David Arias Pérez (22 July 1929 – 9 May 2019) was a Spanish-born Recollect friar who served as an auxiliary bishop of the Archdiocese of Newark from 1983 to 2004.

==Biography==
Born in Mataluenga, part of the municipality of Las Omañas, in the Province of Leon, Spain, Arias entered the Order of Augustinian Recollects in 1946. He began his seminary studies in 1948 in Monachil and was ordained a priest in Barcelona on 31 May 1952. He was then assigned to teach Natural Sciences briefly in a local school, before beginning advanced studies in theology at the Teresianum Institute in Rome, where he received a Diploma in 1964.

He was sent by the Order to serve in their houses in North America, first in Mexico City, then in Kansas City, Kansas.
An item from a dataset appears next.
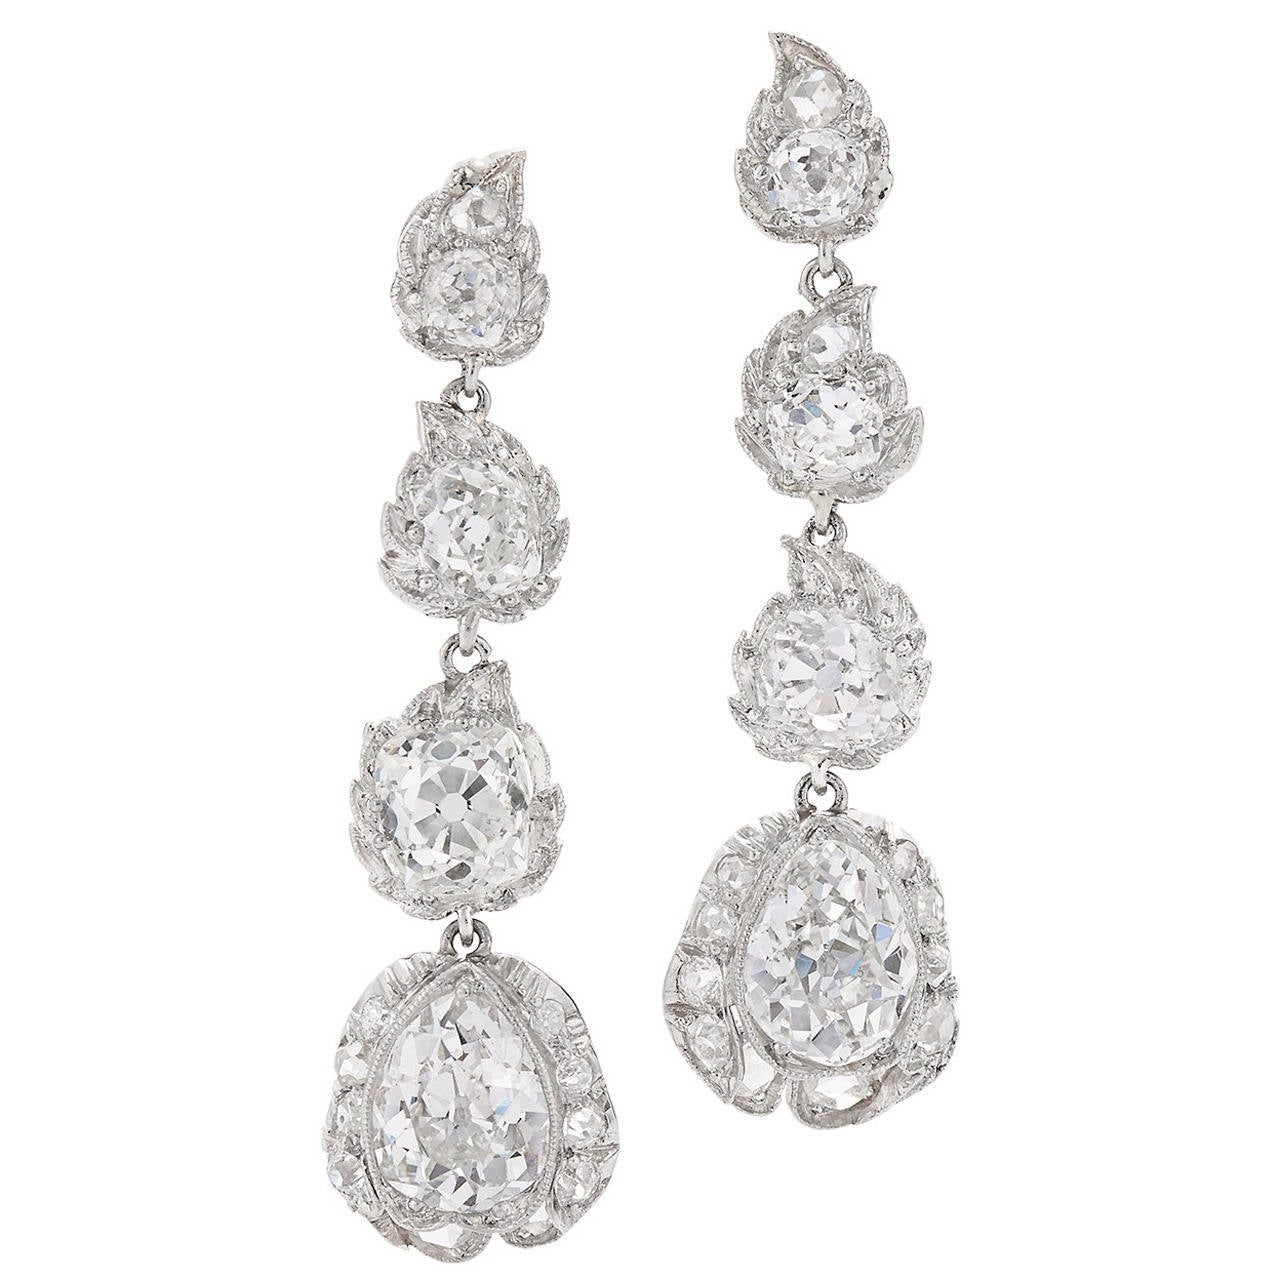 Edwardian Diamond Platinum Stylized Flower Bud Pendant Earrings For Sale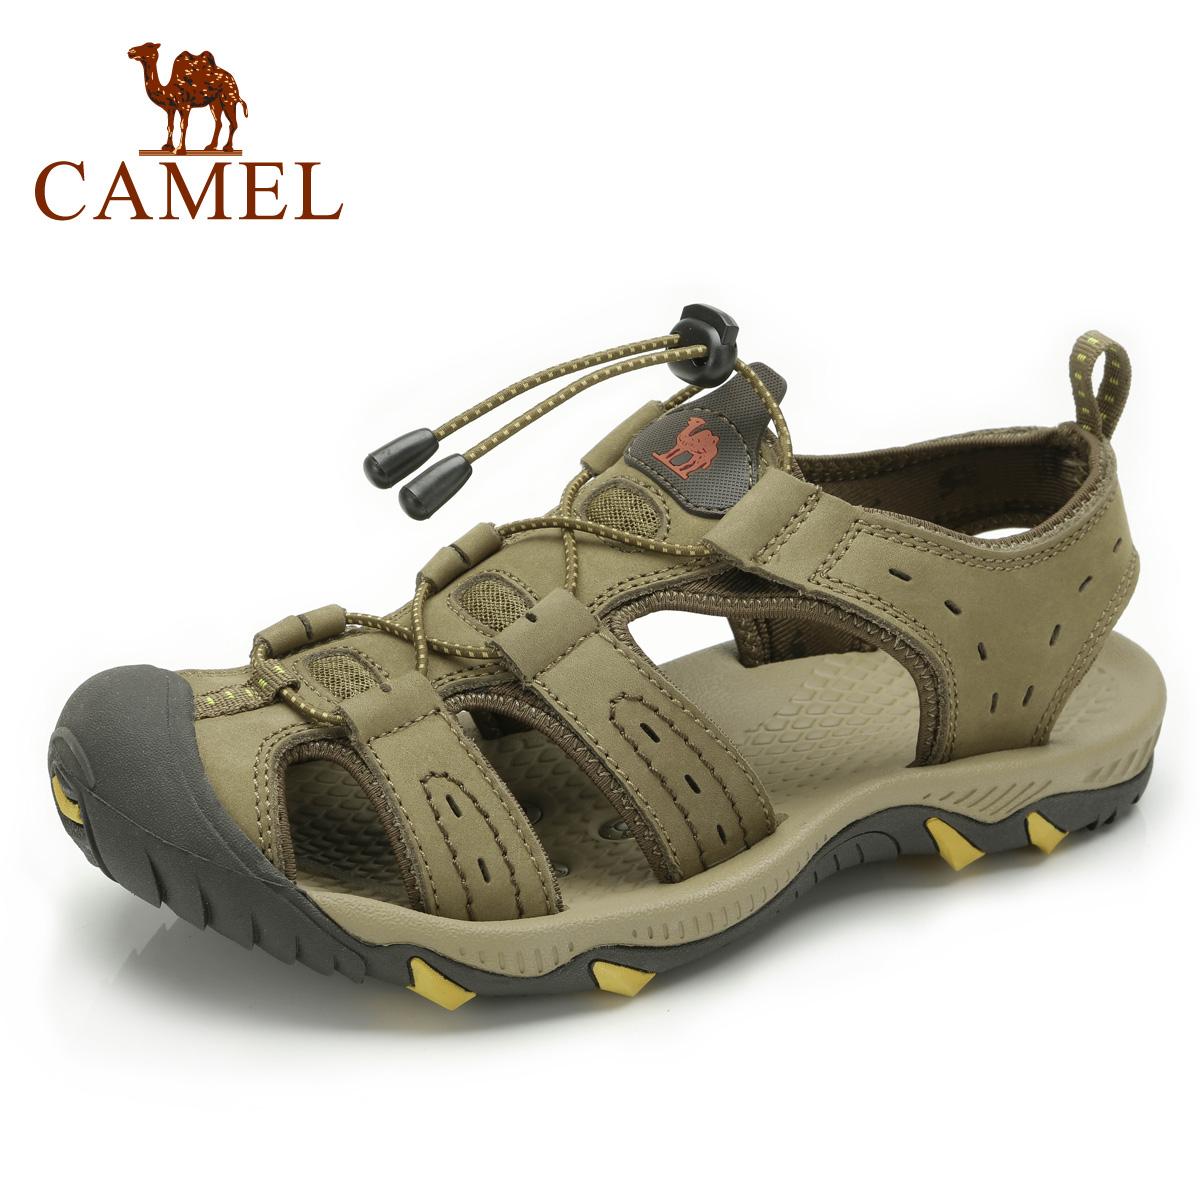 camel骆驼 男凉鞋 正品2013新品 沙滩鞋 户外休闲 男款 82396604

He taught ascetical theology and was a master of clerics at the seminary of the Order there.

On 25 January 1983, he was appointed by Pope John Paul II as auxiliary bishop for the Archdiocese of Newark and was consecrated on the following 7 April. He was entrusted with the pastoral care of the growing Hispanic population of the region, representing their interests in various situations on the national level. Arias retired from this office on 21 May 2004.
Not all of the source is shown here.